Goal of the exercise: Locate, in the data below, the line that contains "Throwback Baseball Jersey" and the line that contains "bepco Bordsteinkanten-Rampe-Set (2"; reproduce exactly those two lines and every line between them, nothing more.

Material to process START

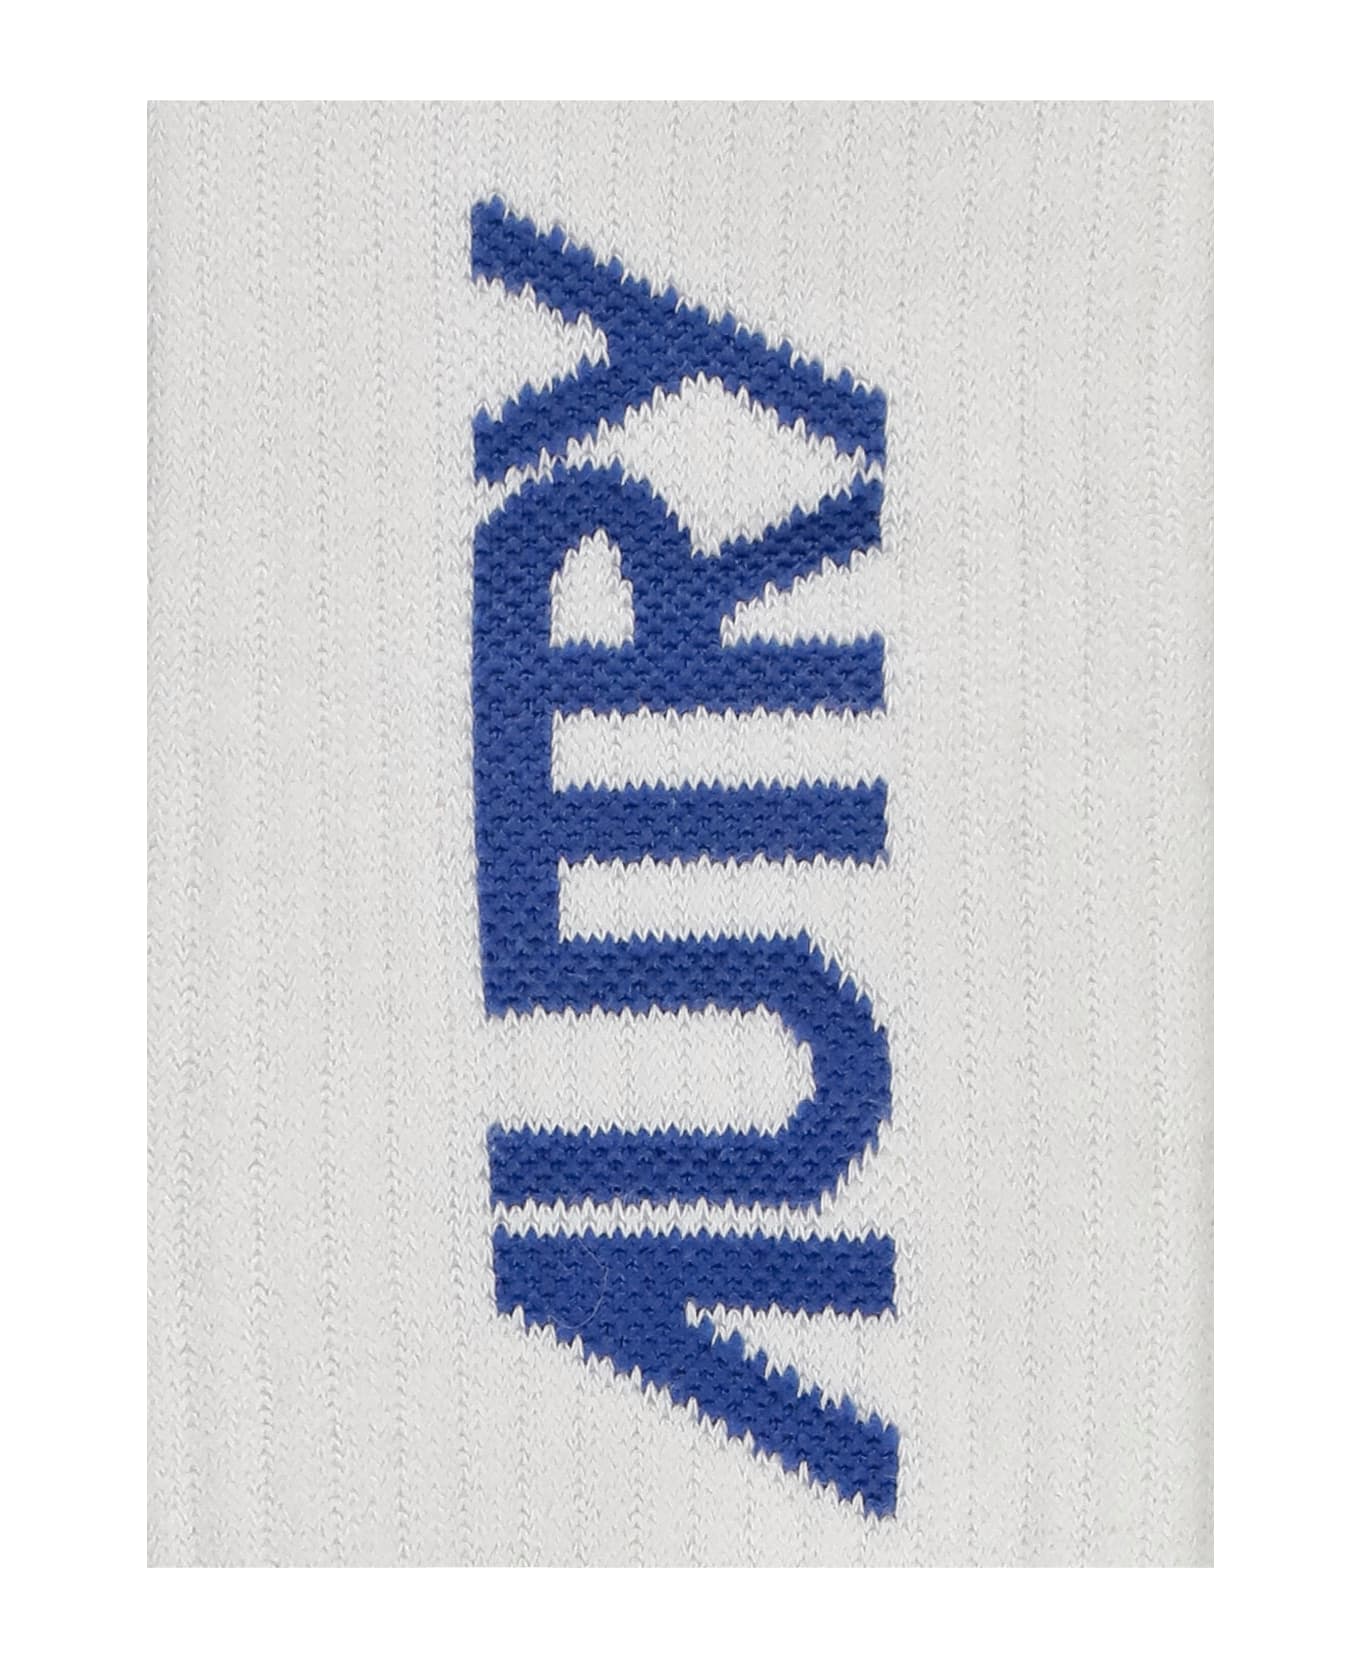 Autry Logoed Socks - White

Material to process END
Material to process START

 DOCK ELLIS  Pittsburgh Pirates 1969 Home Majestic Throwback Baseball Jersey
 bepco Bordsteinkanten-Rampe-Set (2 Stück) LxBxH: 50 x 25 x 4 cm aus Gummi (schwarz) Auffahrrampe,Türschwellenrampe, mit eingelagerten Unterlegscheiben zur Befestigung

Material to process END

Reply:
 DOCK ELLIS  Pittsburgh Pirates 1969 Home Majestic Throwback Baseball Jersey
 bepco Bordsteinkanten-Rampe-Set (2 Stück) LxBxH: 50 x 25 x 4 cm aus Gummi (schwarz) Auffahrrampe,Türschwellenrampe, mit eingelagerten Unterlegscheiben zur Befestigung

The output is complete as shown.